This story is almost unbelievable. The scam was set up at AIG and involved a VP of HR. From Workforce Management (my editing):
Federal authorities have charged a former human resources vice president of American International Group Inc. and three accomplices with defrauding the insurer of $1.1 million with phony bills for employee search services.
According to a federal criminal complaint, Falcetta moved from Philadelphia to New York to take his job with AIG in September 2005. His duties included managing contracts with employee search firms, and he had the authority to add firms to AIG’s approved list of vendors and to pay vendor bills up to $50,000.

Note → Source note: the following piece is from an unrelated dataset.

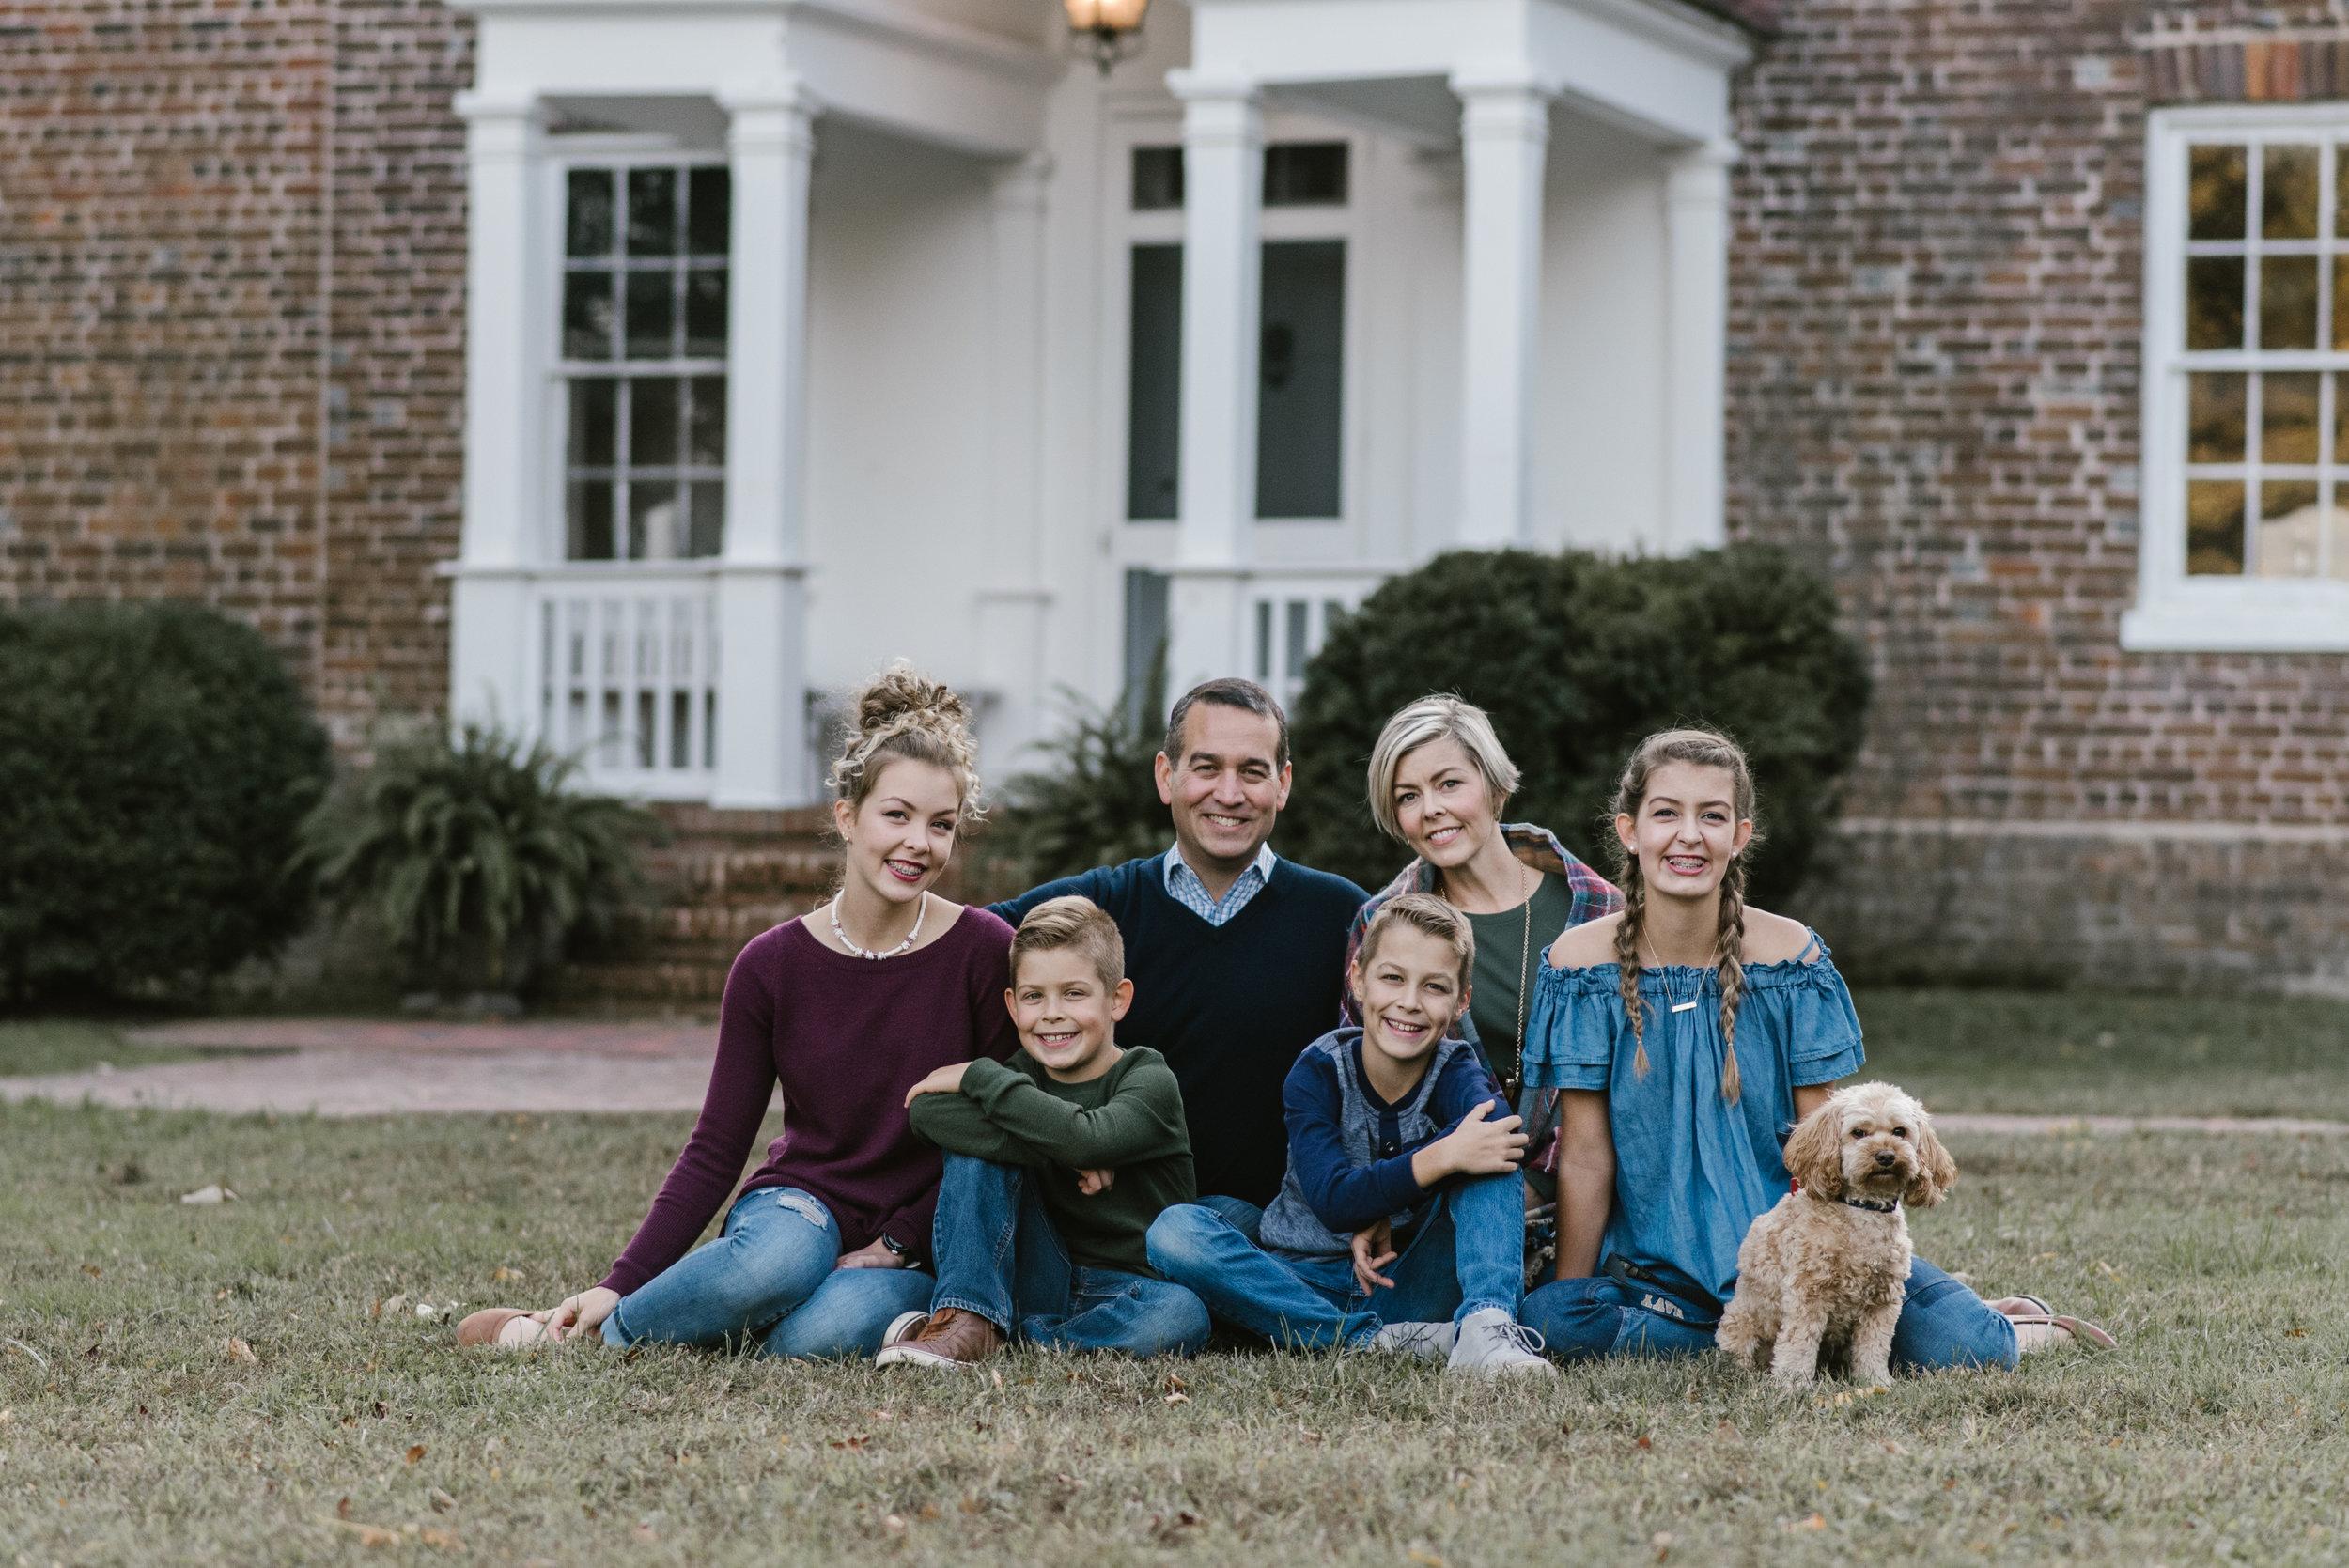 annapolisfamilyphotos-6.jpg

Over the next two years, until AIG terminated him in August, Falcetta approved payments to bogus headhunter firms set up by Santone, Pombonyo and Broadbent, authorities allege. Those payments included $320,525 to G. Santone Associates, run by Santone; $674,886 to two firms, Enterprise Business Group and Global Search Affiliates Inc., run by Pombonyo; and $120,000 to Broadbent Advisory Group, run by Broadbent, the complaint says.

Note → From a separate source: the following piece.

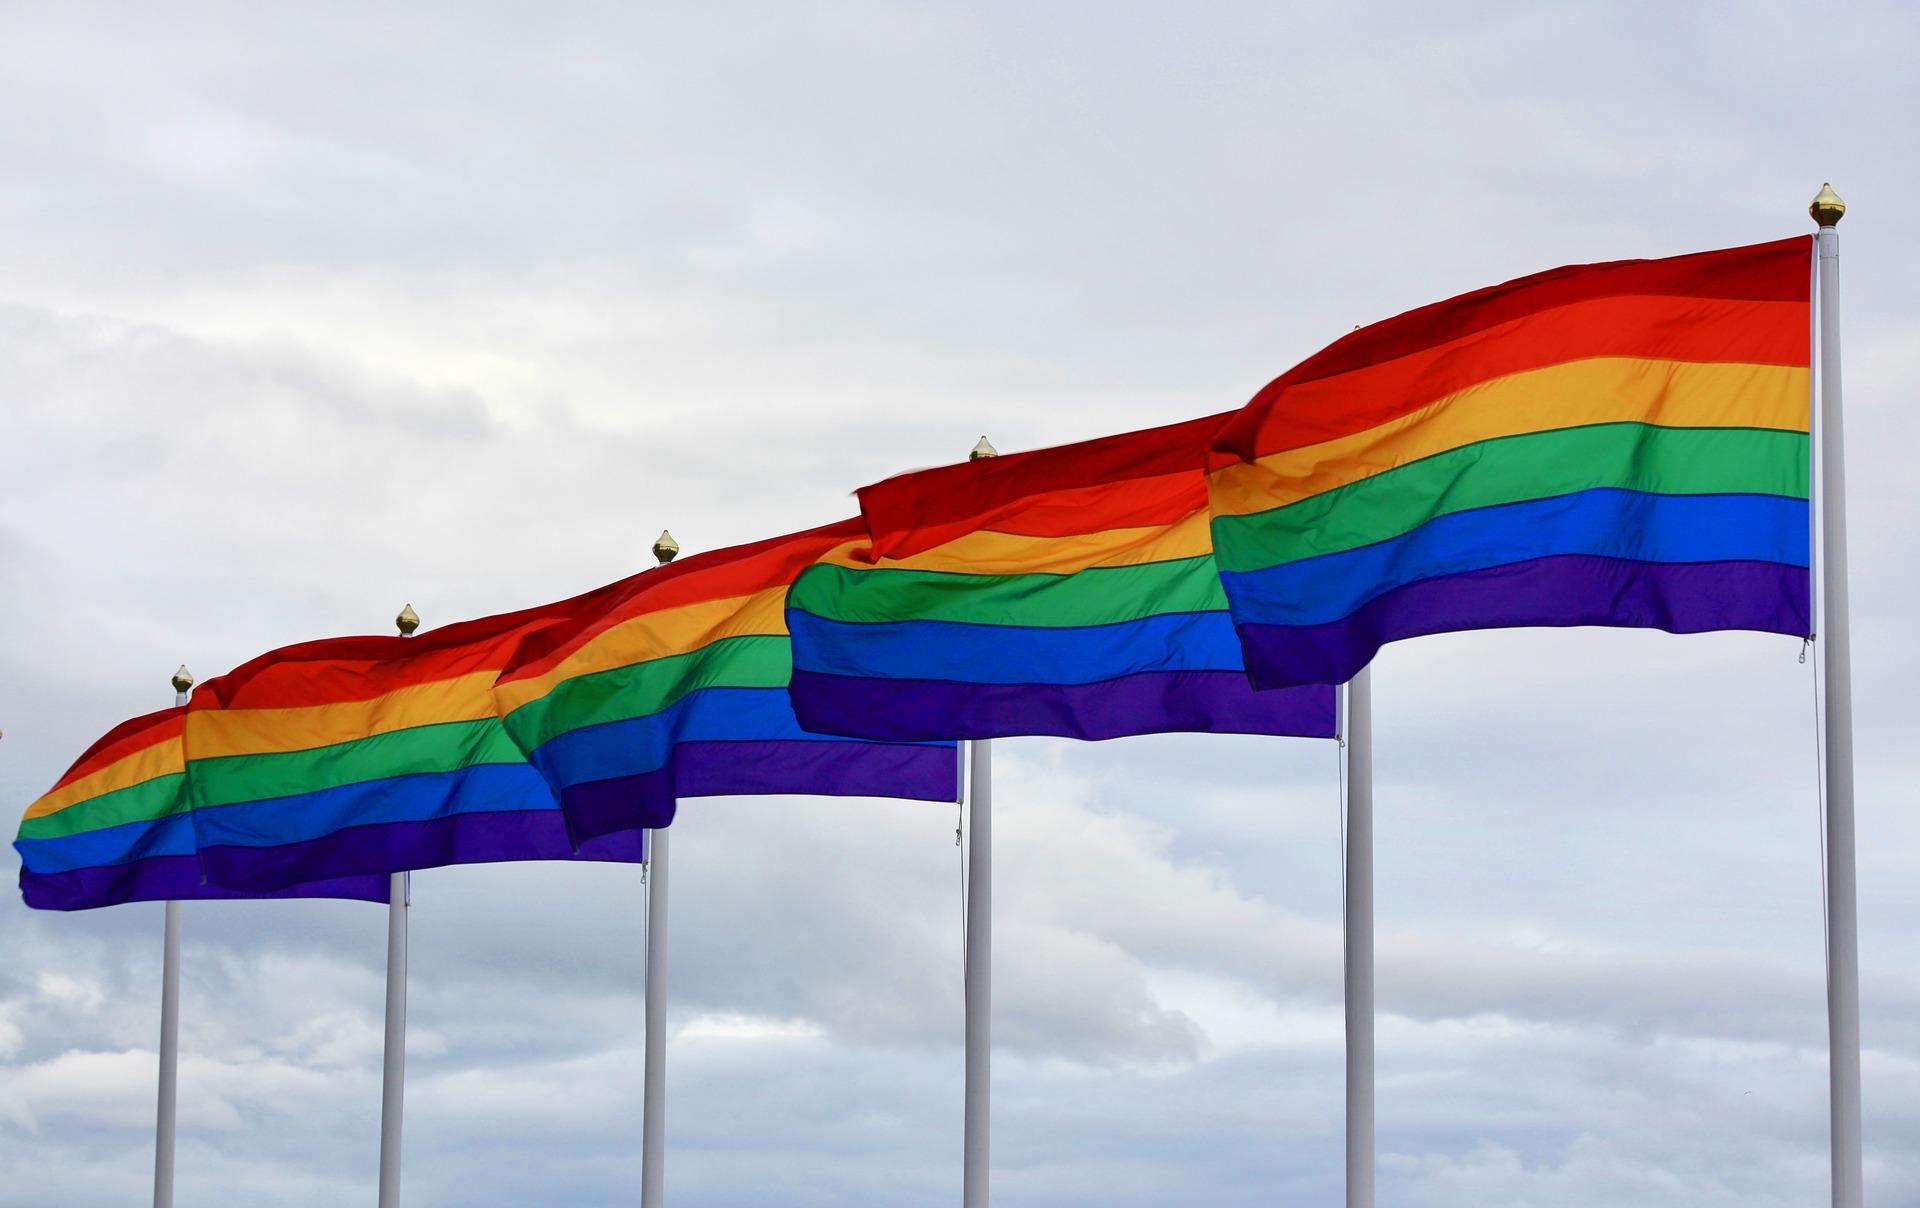 La realidad tras el mes del orgullo: Discriminación en el trabajo

The four companies then kicked back $462,476 to Human Capital Management Partners, an entity Falcetta had created, authorities charge.
None of the search firms actually performed any work for AIG, and at least some of them appear to exist only on paper, the complaint suggests.
It never ceases to amaze me how criminals will go to such lengths to set up a scam. Imagine if they used their skills for a legitimate enterprise.